Mais si la réforme constitutionnelle s’arrête aux résolutions retenues, qu’elle se fasse par voie référendaire ou parlementaire, elle n’apportera rien à la Mauritanie et elle n’engagera que ceux y croient.

 

-Que pensez-vous du déploiement des forces de l’ordre et de sécurité lors du retour du président d’IRA, Biram Dah Abeid en Mauritanie?

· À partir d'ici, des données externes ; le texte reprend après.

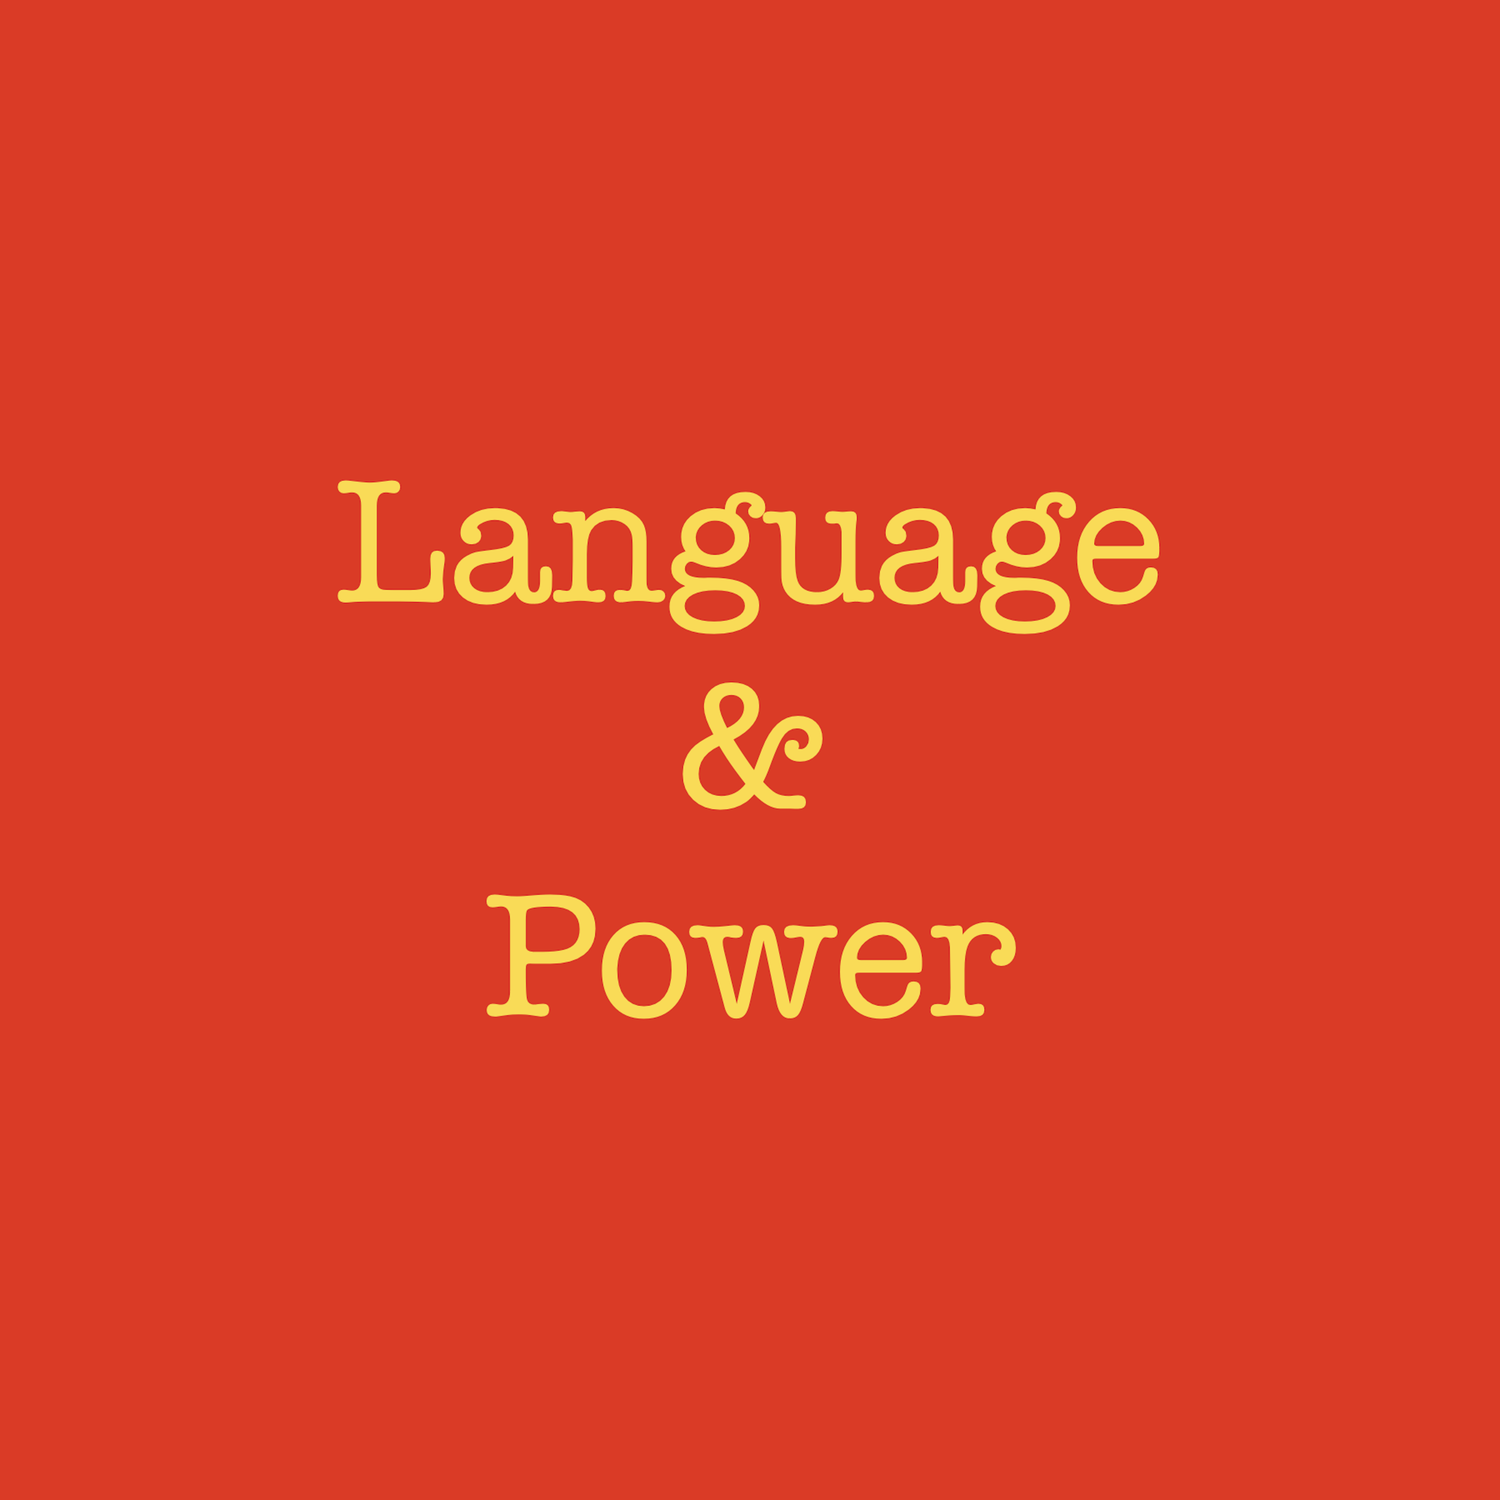 Language/Power Podcast

Le recours à la force, surtout quand il est totalement injustifié, est toujours révélateur de faiblesse. Le pouvoir est aux abois par rapport à l’excellent travail de lobbying et de sensibilisation que mènent l’IRA et son Président, sur le vrai visage du système. L’intimidation, la violence, l’instrumentalisation de la justice ne feront que renforcer la détermination des militants des droits de l’homme et de tous ceux qui aspirent à une Mauritanie débarrassée des démons du racisme, de l’esclavage et de l’exclusion à déconstruire le système.

 

-Que vous inspire ce qui vient de se passer en Gambie?

Après le Burkina Faso, il faut saluer la détermination du peuple gambien à ne pas se laisser voler sa victoire et le rôle décisif de la CEDEAO dans le dénouement de la crise. Les peuples d’Afrique sont en train de prendre leur destin en main partout. Que le Président Aziz, qui a joué au médiateur dans cette crise, se le tienne pour dit. Il a pu évaluer, à travers et le dialogue et la mobilisation de l’opposition, le refus des Mauritaniens de tout tripatouillage qui lui permettrait de rester au pouvoir au-delà de 2019.